Problem. Each line below must be reproduced exactly as it stands. Pictures stay out of the copy.

Input data.
* * * * *

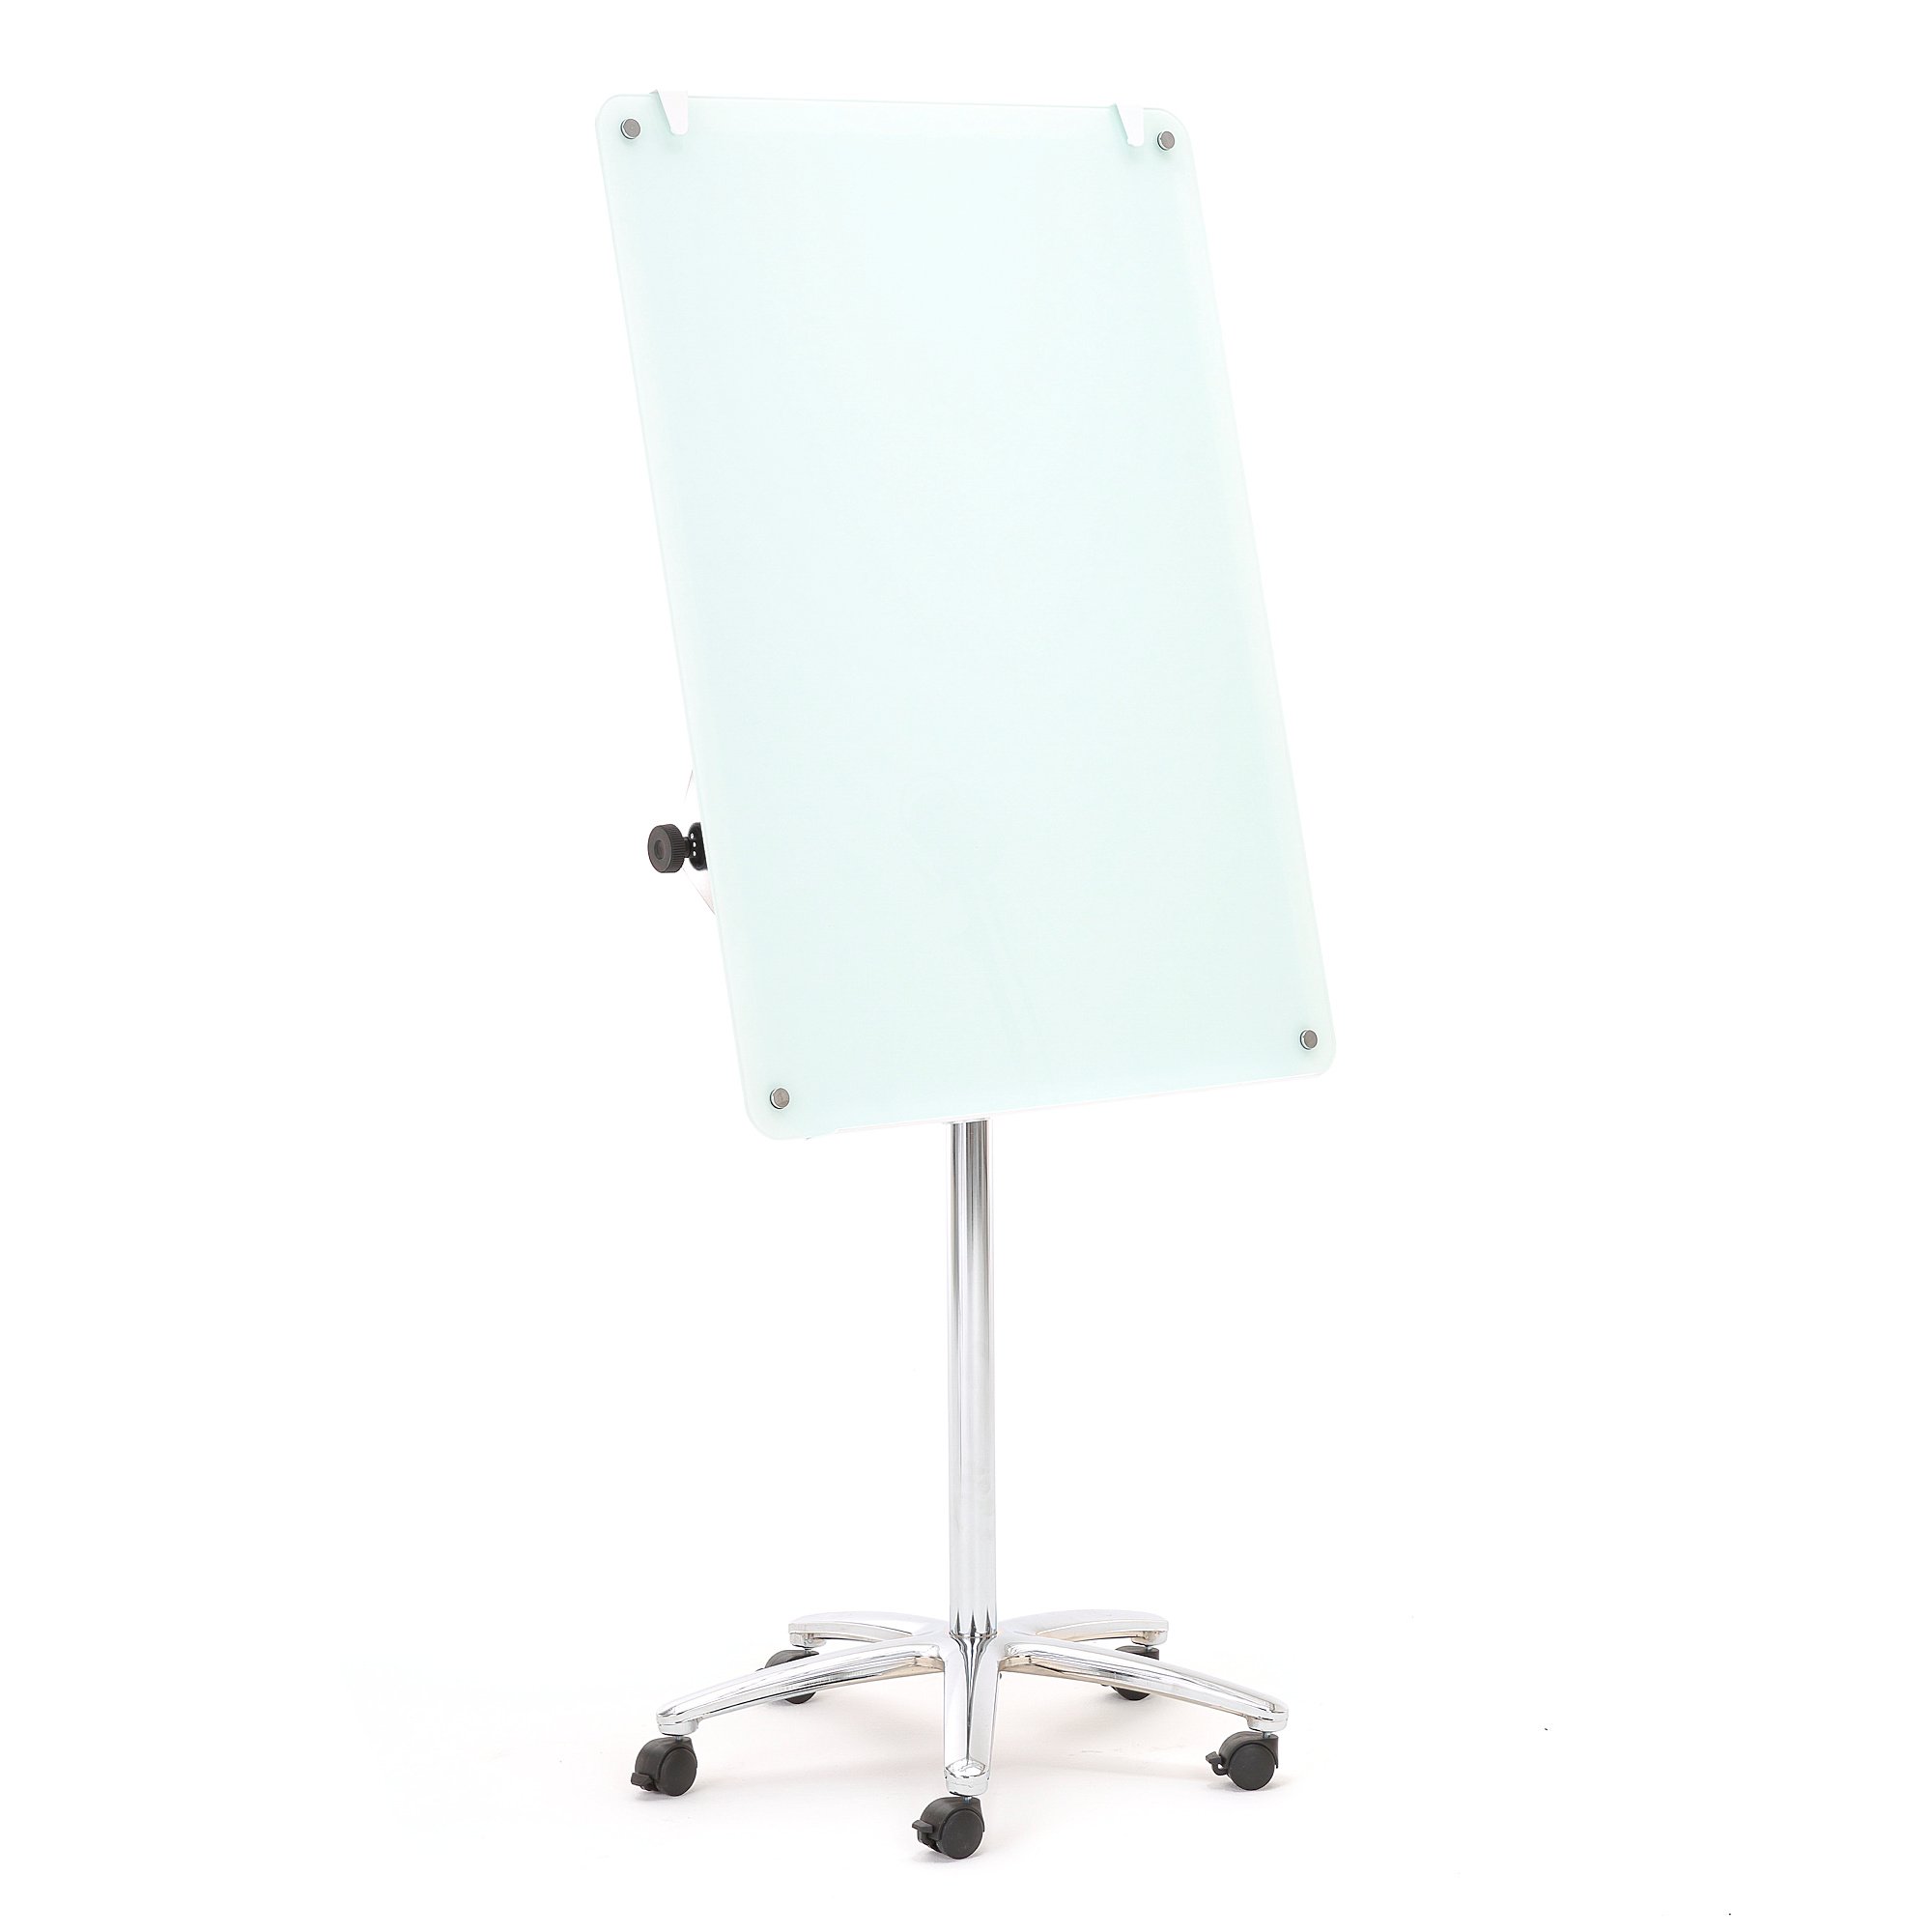 E-shop Magnetická sklenená tabuľa s kolieskami GLENDA, biela
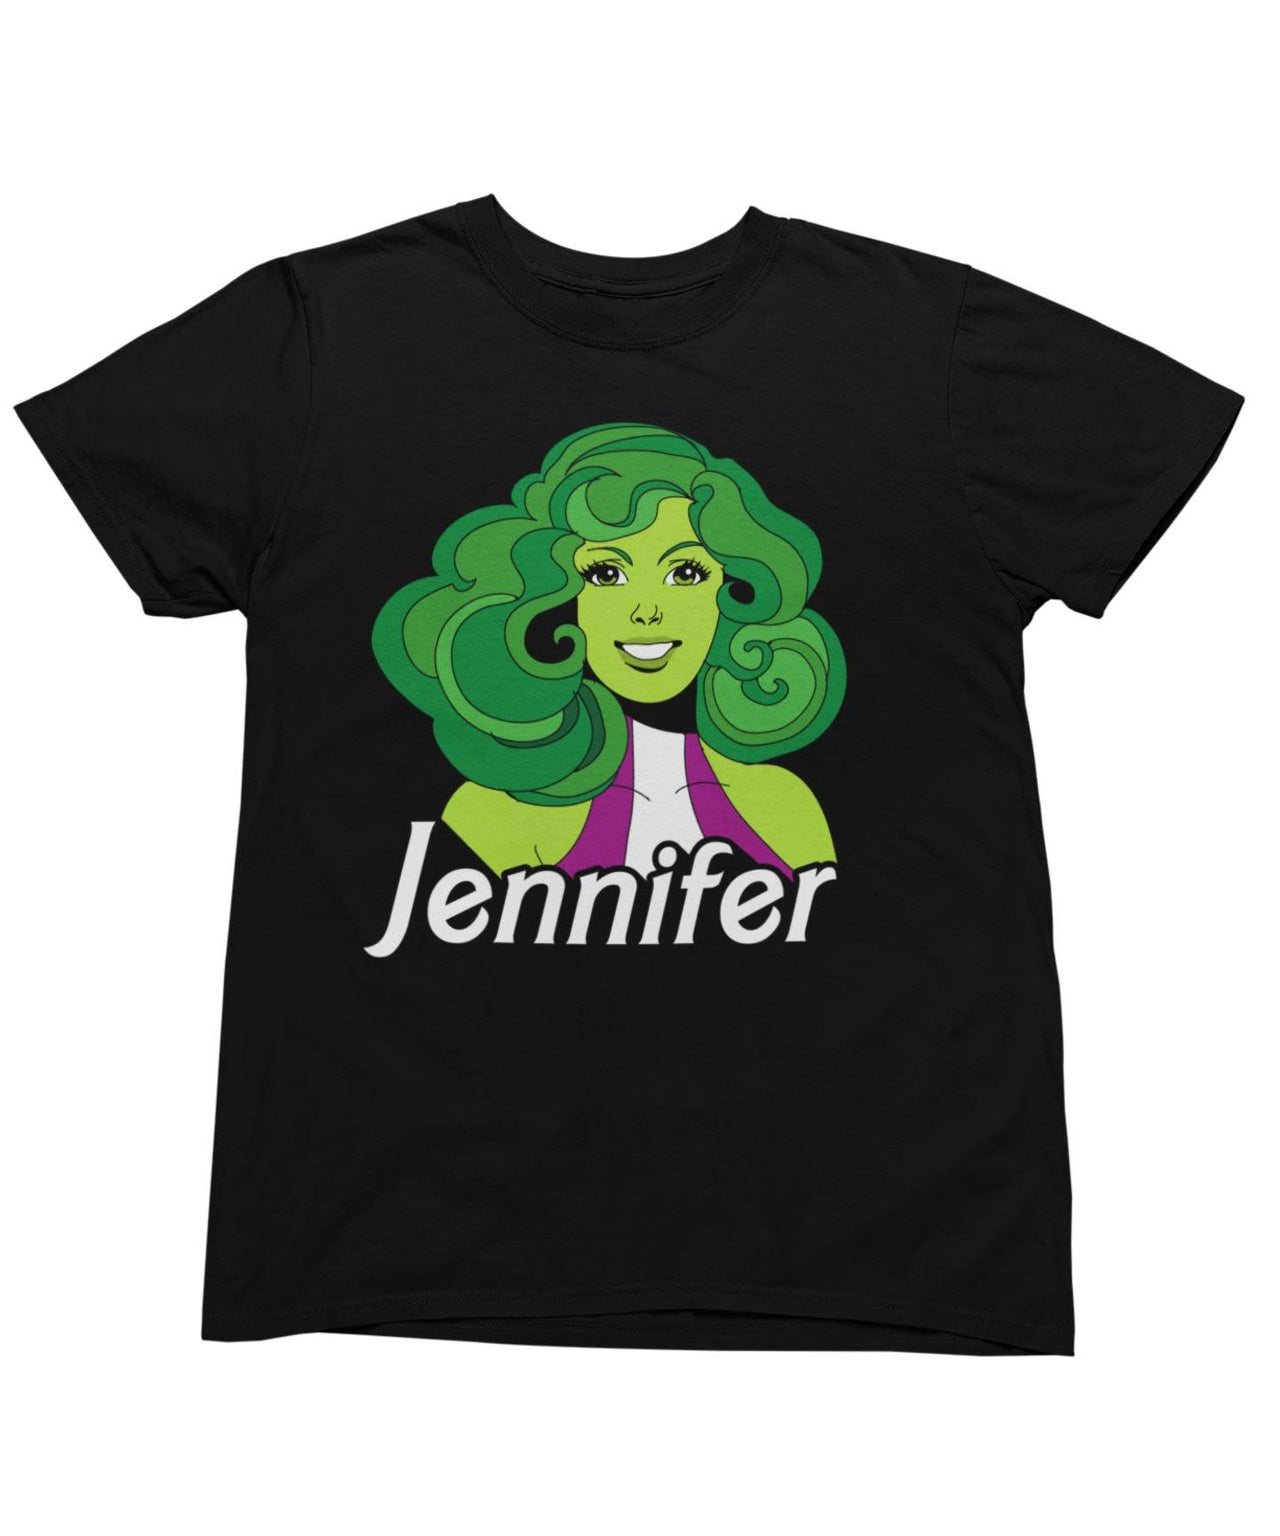 Top Notchy Jennifer Barbie She-Hulk Men's/Unisex Unisex T-Shirt 8Ball
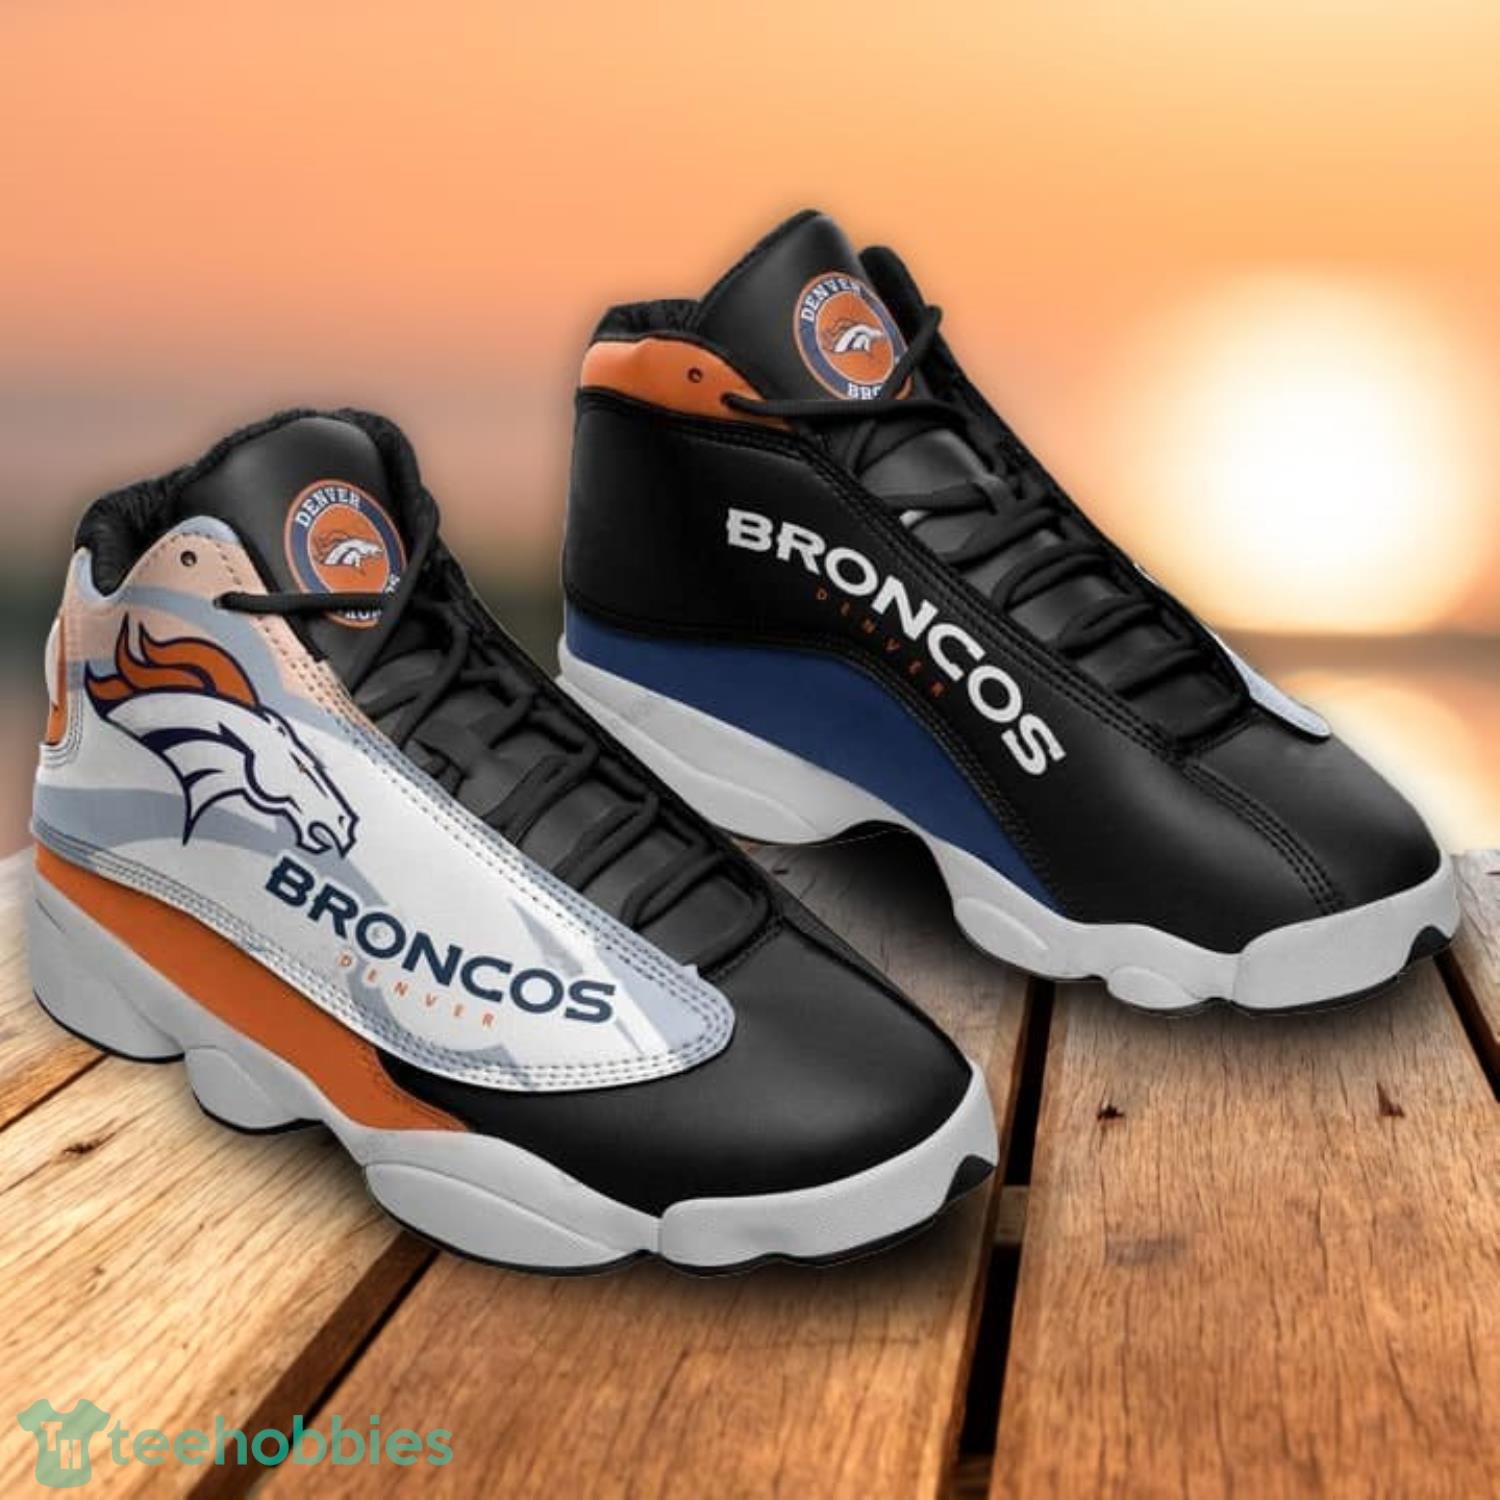 Denver Broncos Team Air Jordan 13 Shoes Custom Sneakers Product Photo 1

* * * * *

Solution.
 E-shop Magnetická sklenená tabuľa s kolieskami GLENDA, biela
 Top Notchy Jennifer Barbie She-Hulk Men's/Unisex Unisex T-Shirt 8Ball
 Denver Broncos Team Air Jordan 13 Shoes Custom Sneakers Product Photo 1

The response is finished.